Roles & Responsibilities
- Develop Databricks notebooks, jobs, and workflows to replicate and enhance DB2/Guidewire-based pipelines and transformations.
- Implement Delta Lake tables and patterns (bronze/silver/gold, ACID, time travel, schema evolution) for migrated data.
- Integrate Databricks with AWS/S3 or Azure ADLS, ADF/Synapse, Key Vault, and Snowflake as required.
- Optimize Databricks clusters, jobs, and queries for performance and cost.
- Implement incremental loads, CDC patterns, and batch schedules for large datasets.
- Collaborate with Snowflake and dbt teams to ensure consistent data models and data contracts.
- Participate in data validation and reconciliation between DB2 400 / Guiderwire and Databricks outputs.
- Follow coding standards, version control, and CI/CD practices using Git/Azure DevOps.

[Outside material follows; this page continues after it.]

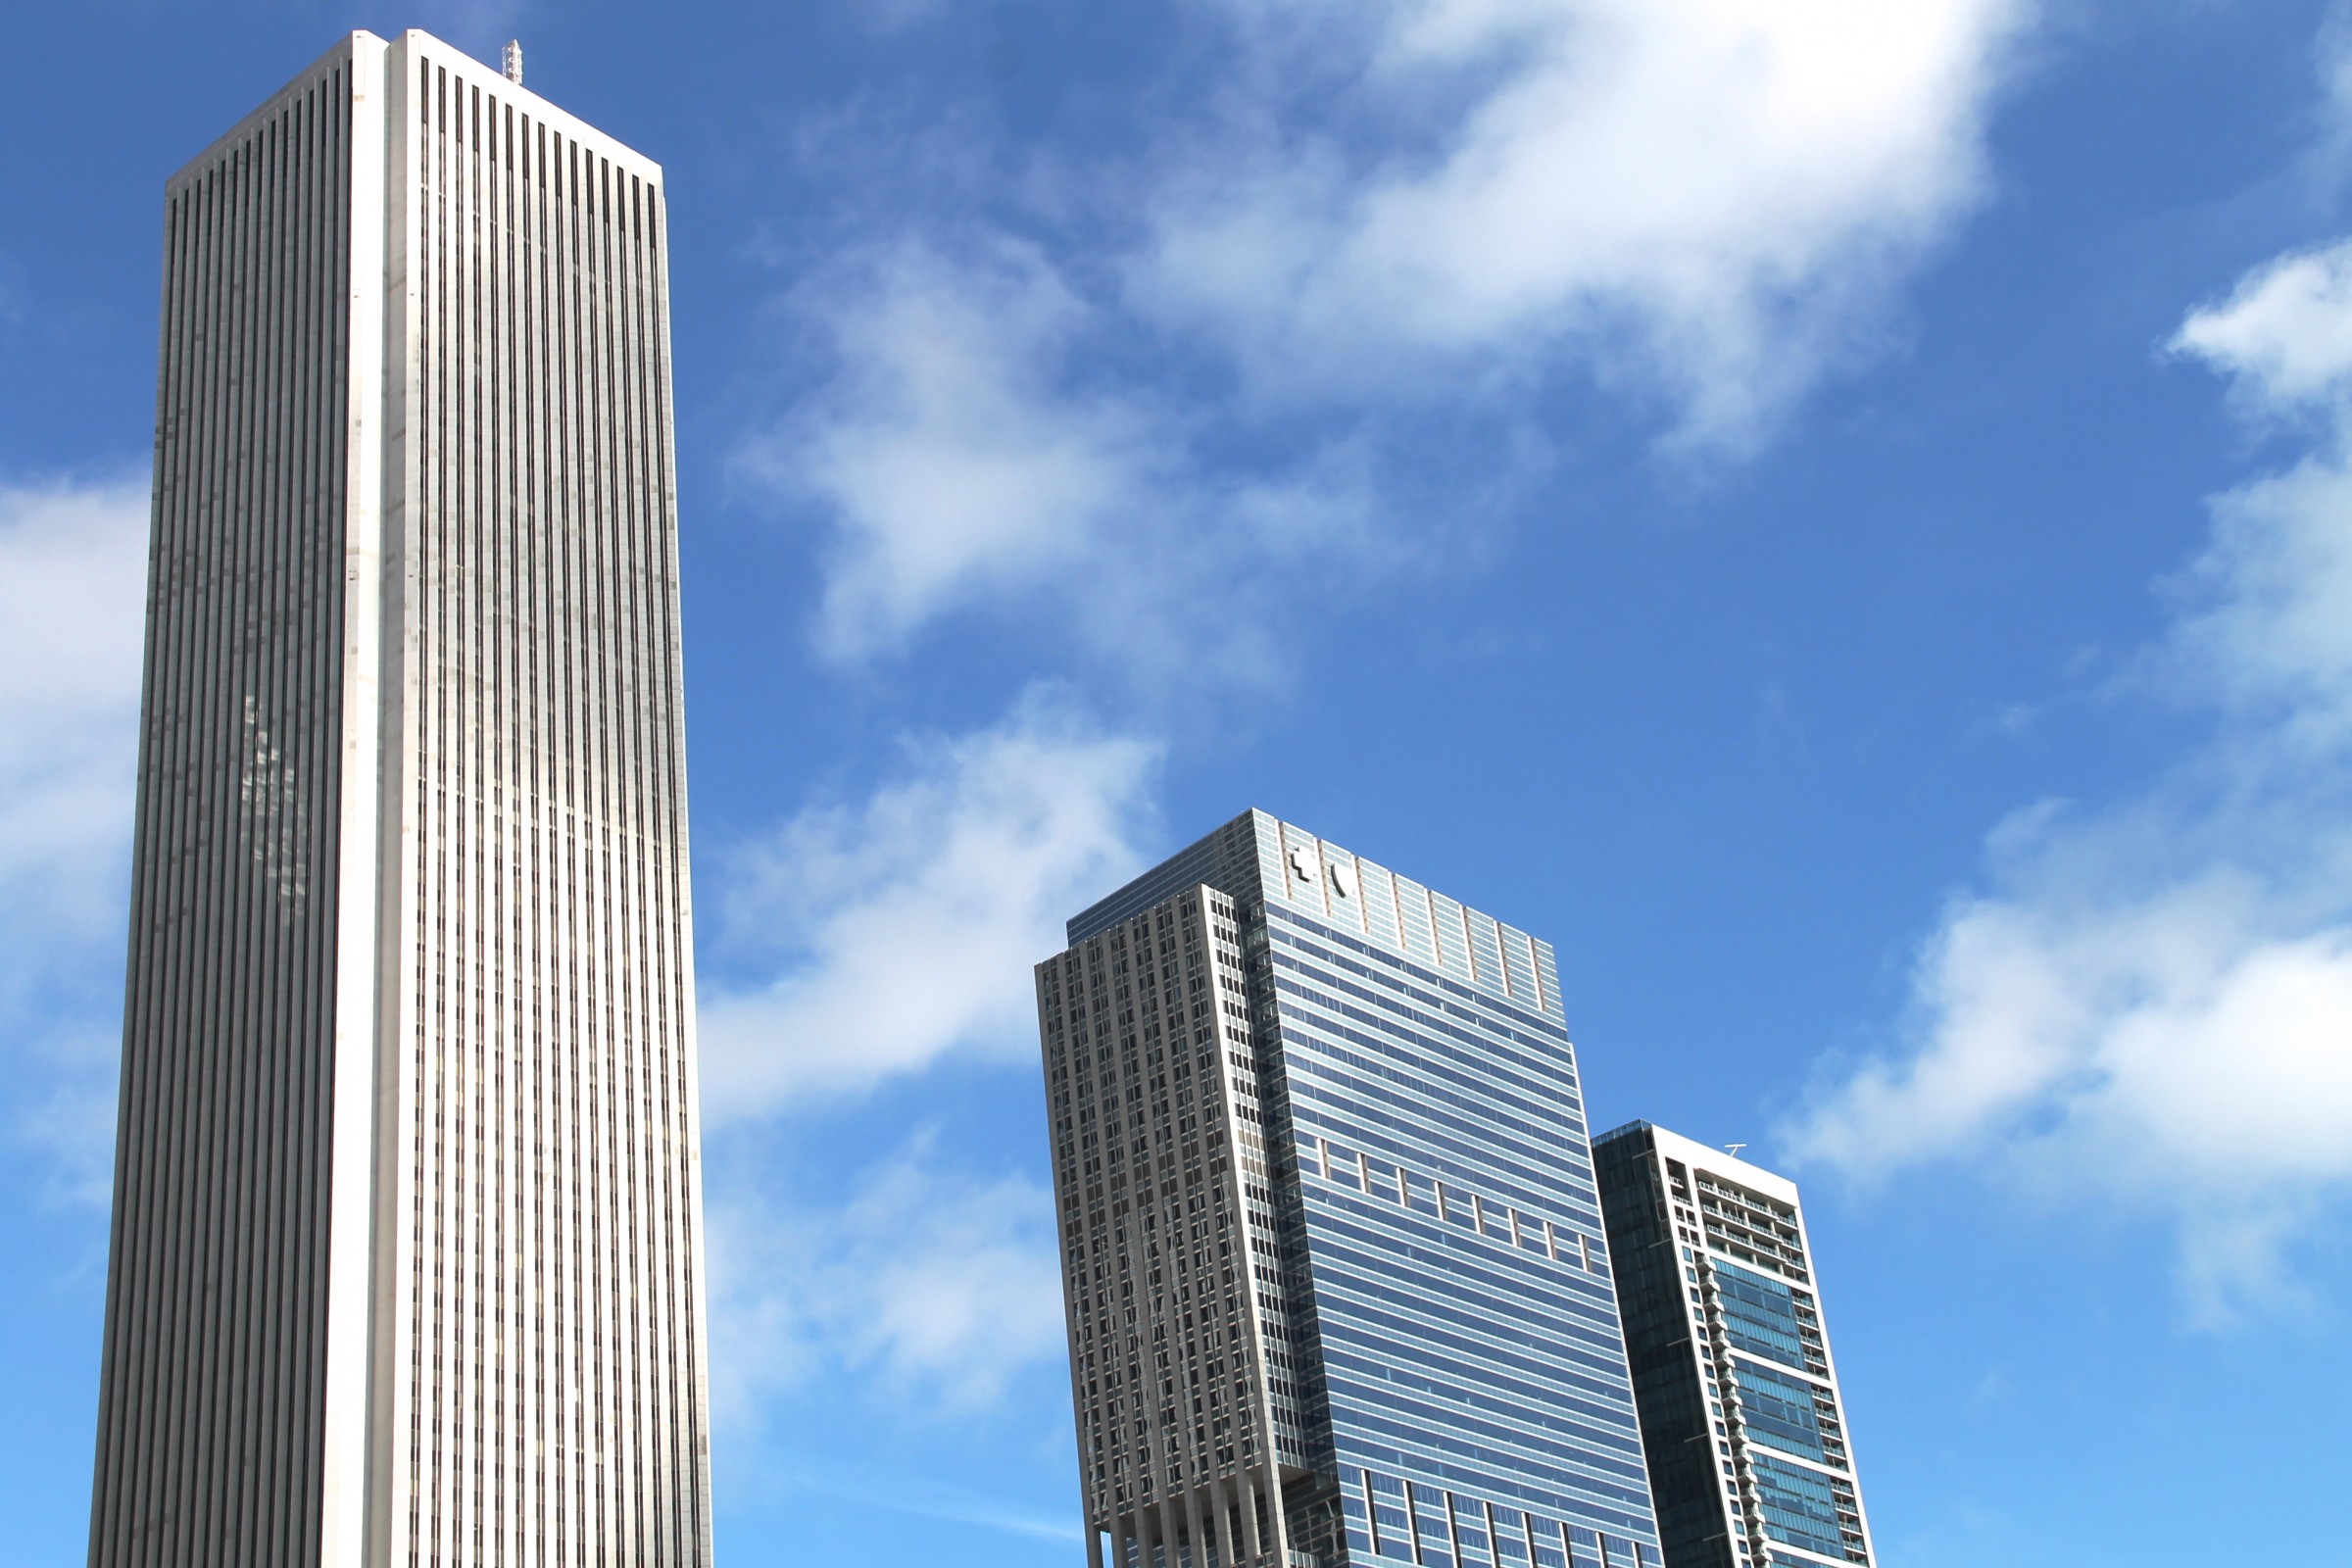 Free Stock Photo of 3 Tall Buildings in Sky with Clouds
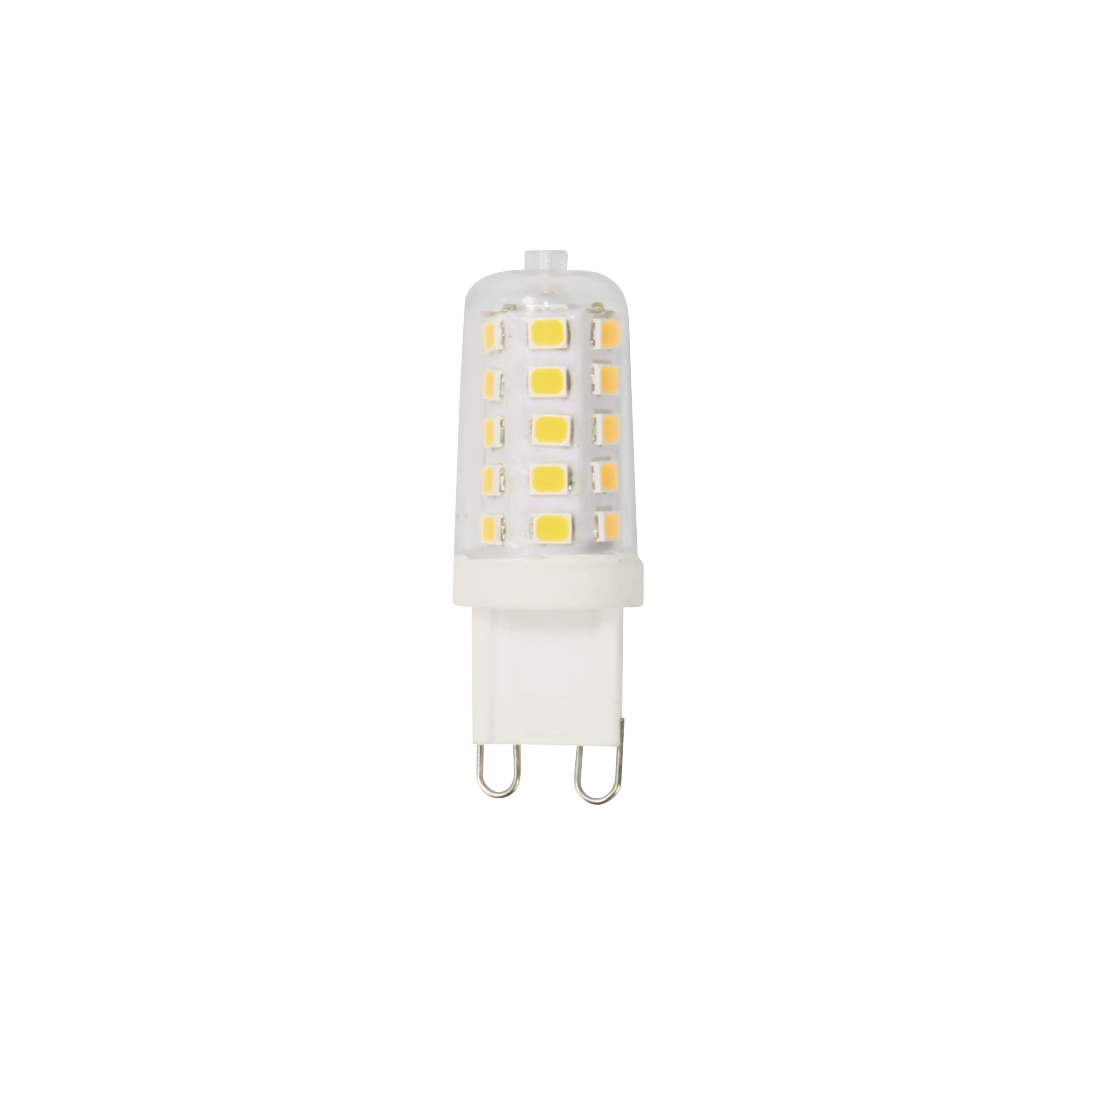 abx High-Res Image - Xavax, LED Bulb, G9, 300 lm, Replaces 28 W, Capsule, warm white

- Provide defect fixes and support during SIT/UAT and post go-live stabilization.
Experience :
Legacy Demystification & Ingestion (DB2/400 & Guidewire)
8+ years of experience in databricks with understanding complex legacy data models and getting that data into the cloud:
- Extracting DB2/AS400: Experience with Change Data Capture (CDC) or scheduled batch extractions from DB2 into cloud storage. Involves working through JDBC connections, mapping table dependencies, and re-platforming legacy SQL to distributed computing standards.
- Handling Guidewire Data: Integrating with Guidewire Cloud Data Access (CDA) or InsuranceSuite to replicate complex P&C (Property & Casualty) insurance schemas. Senior engineers parse these highly normalized operational databases and transform them into analytical-friendly schemas in the cloud.
- Architecture & Pipeline Development
The core of the experience involves transitioning these legacy, row-based stores into a scalable Medallion Architecture (Bronze, Silver, Gold layers):
- Delta Lake Optimization: Using Databricks and Apache Spark to build ETL/ELT data pipelines with ACID transactions. Senior engineers handle schema evolution, upserts, and slowly changing dimensions (SCD Type 2).
- Business Logic Refactoring: Translating rigid legacy procedural code (e.g., RPG/COBOL background logic, stored procedures) into scalable distributed patterns (PySpark, Spark SQL, and Scala).
- Data Governance & Observability
A senior engineer is expected to govern vast amounts of incoming and generated data across the enterprise:
- Unity Catalog: Implementing strict data governance, lineage tracing, and table-level security.
- Data Quality: Automating data validation frameworks to ensure a seamless transition from legacy to modern systems without data loss or corruption.
- Integration with the Databricks Platform Ecosystem
Moving beyond basic storage to utilizing the full power of the Databricks Data Intelligence Platform:
- Serverless Compute: Managing Databricks serverless resources, ensuring optimal cluster sizing, and reducing compute costs.
- Streaming and Batch Workflows: Building event-driven pipelines using features like Databricks Auto Loader to ingest flat files and streaming records directly into Delta tables.